» **Data block**:
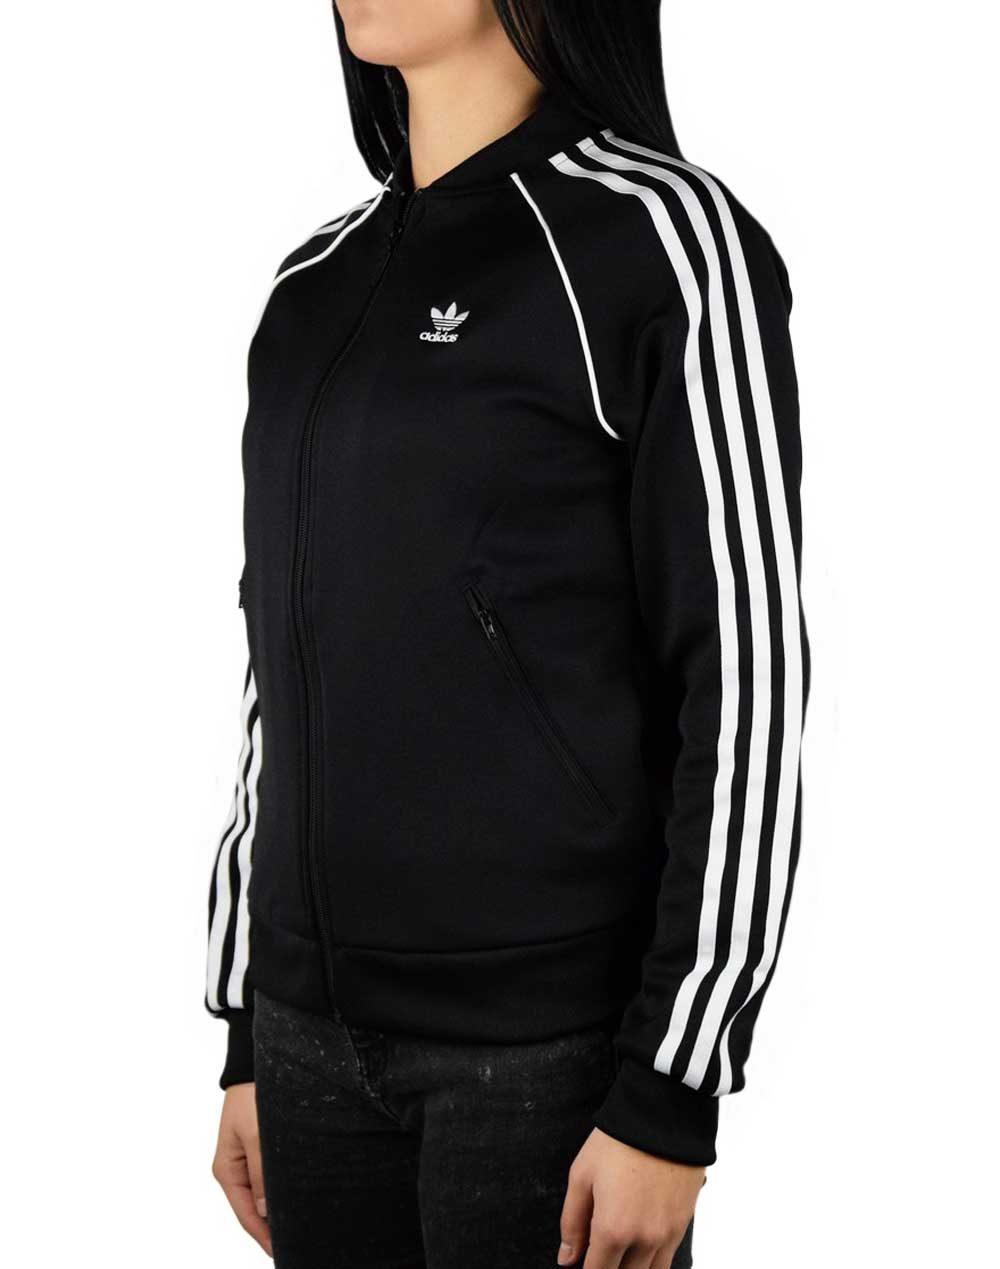 Adidas SST TT Black (CE2392)
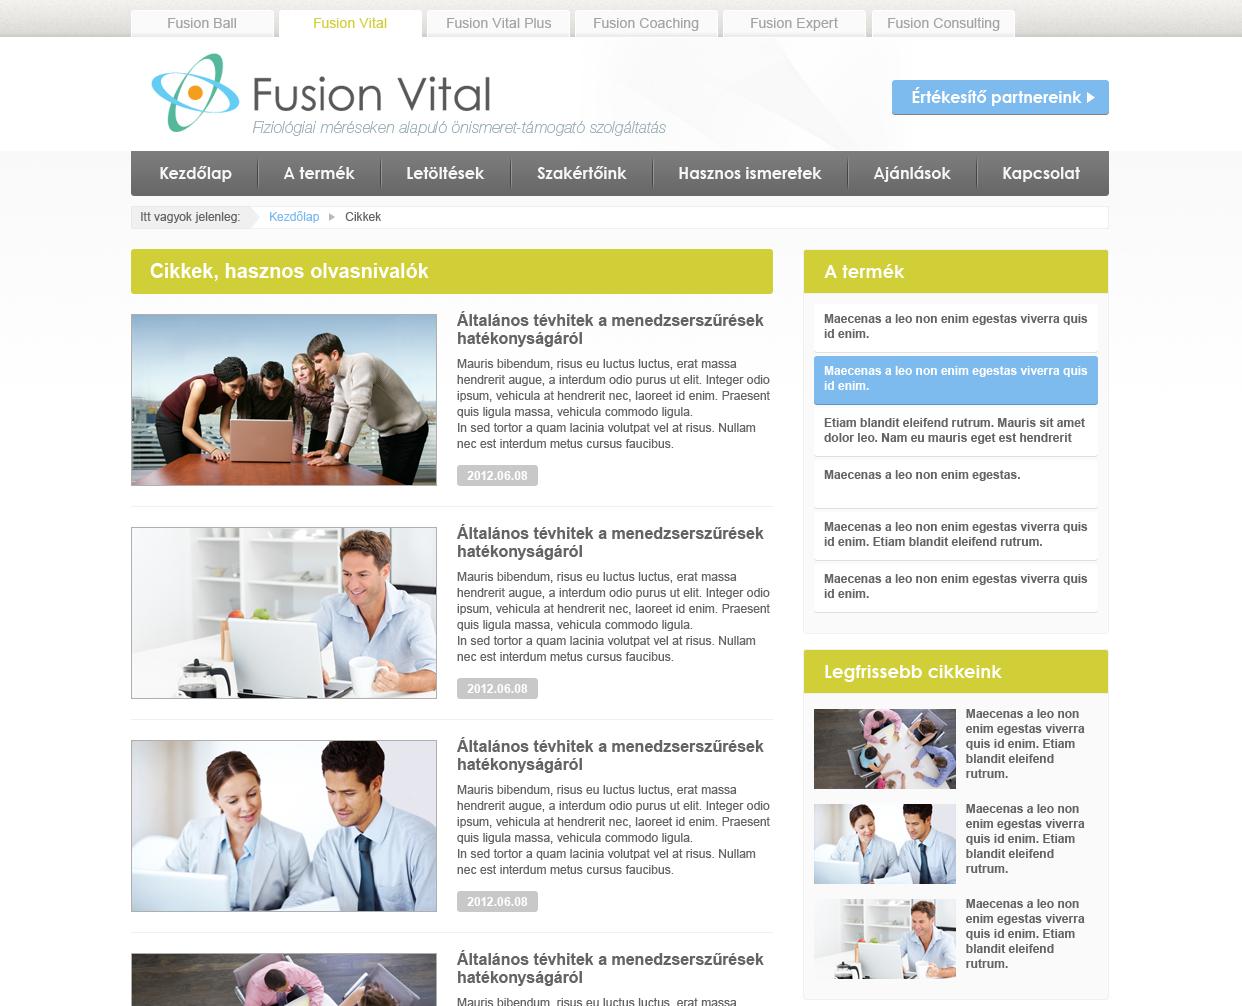 Fusion Vital
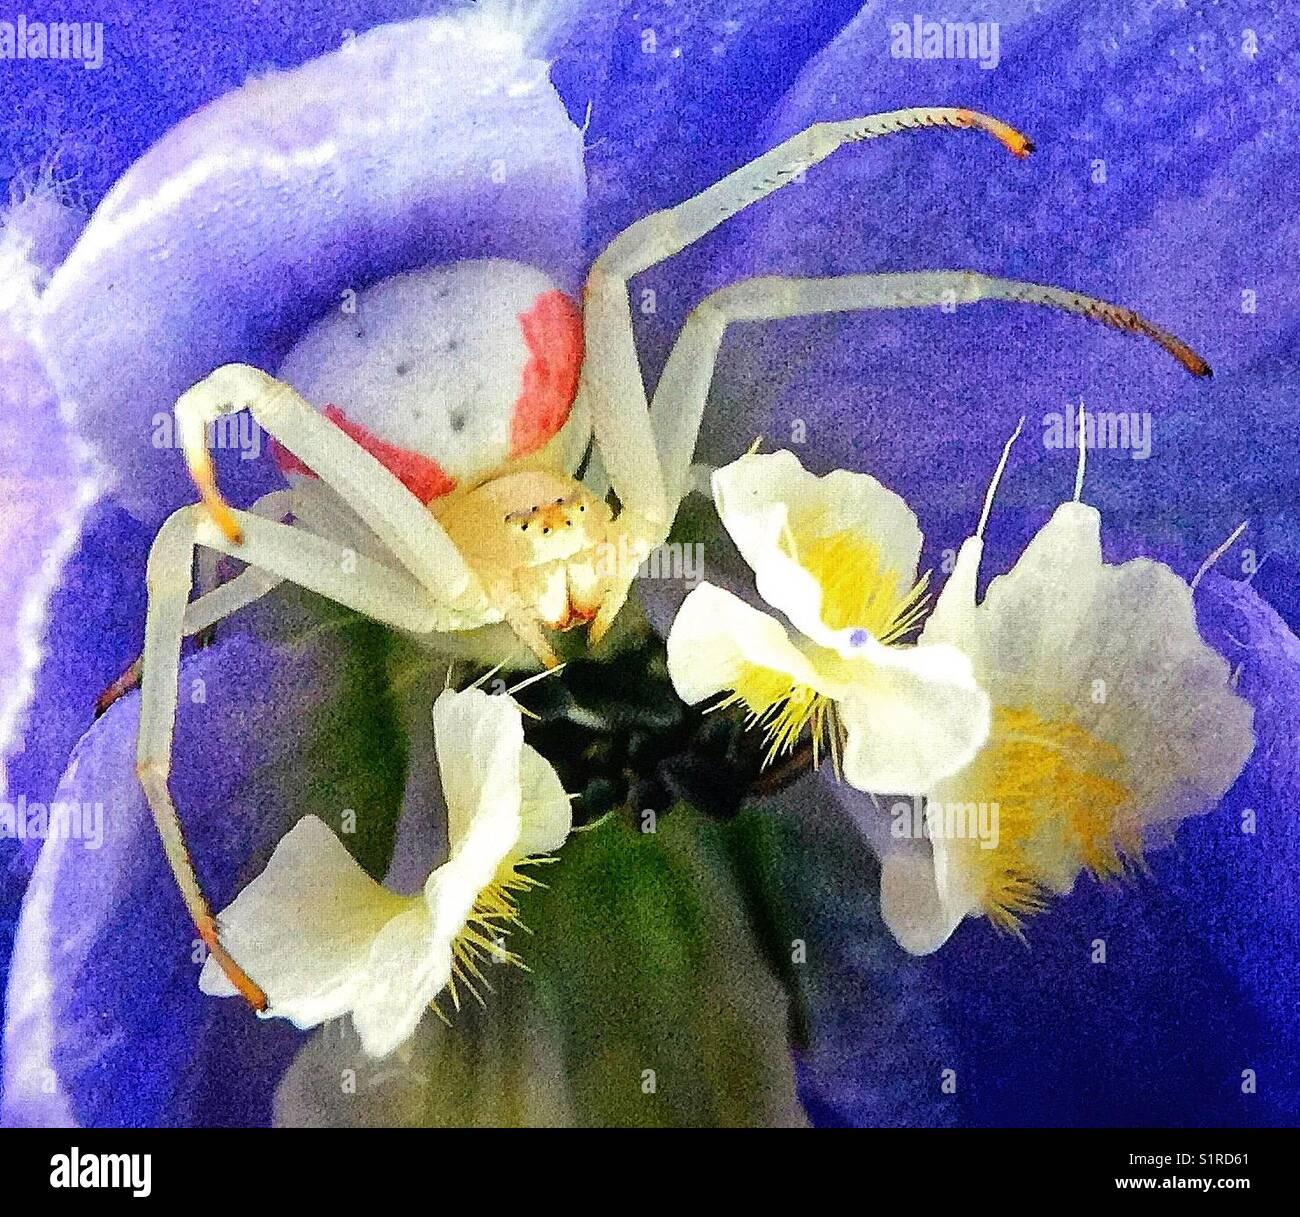 Cram spider on a delphinium - Stock Image

» **Problem details**:
Write the lines from the line containing "Fusion Vital" through the last line of the data out again exactly, and only those lines; pictures stay out.

» **Completed task**:
 Fusion Vital
 Cram spider on a delphinium - Stock Image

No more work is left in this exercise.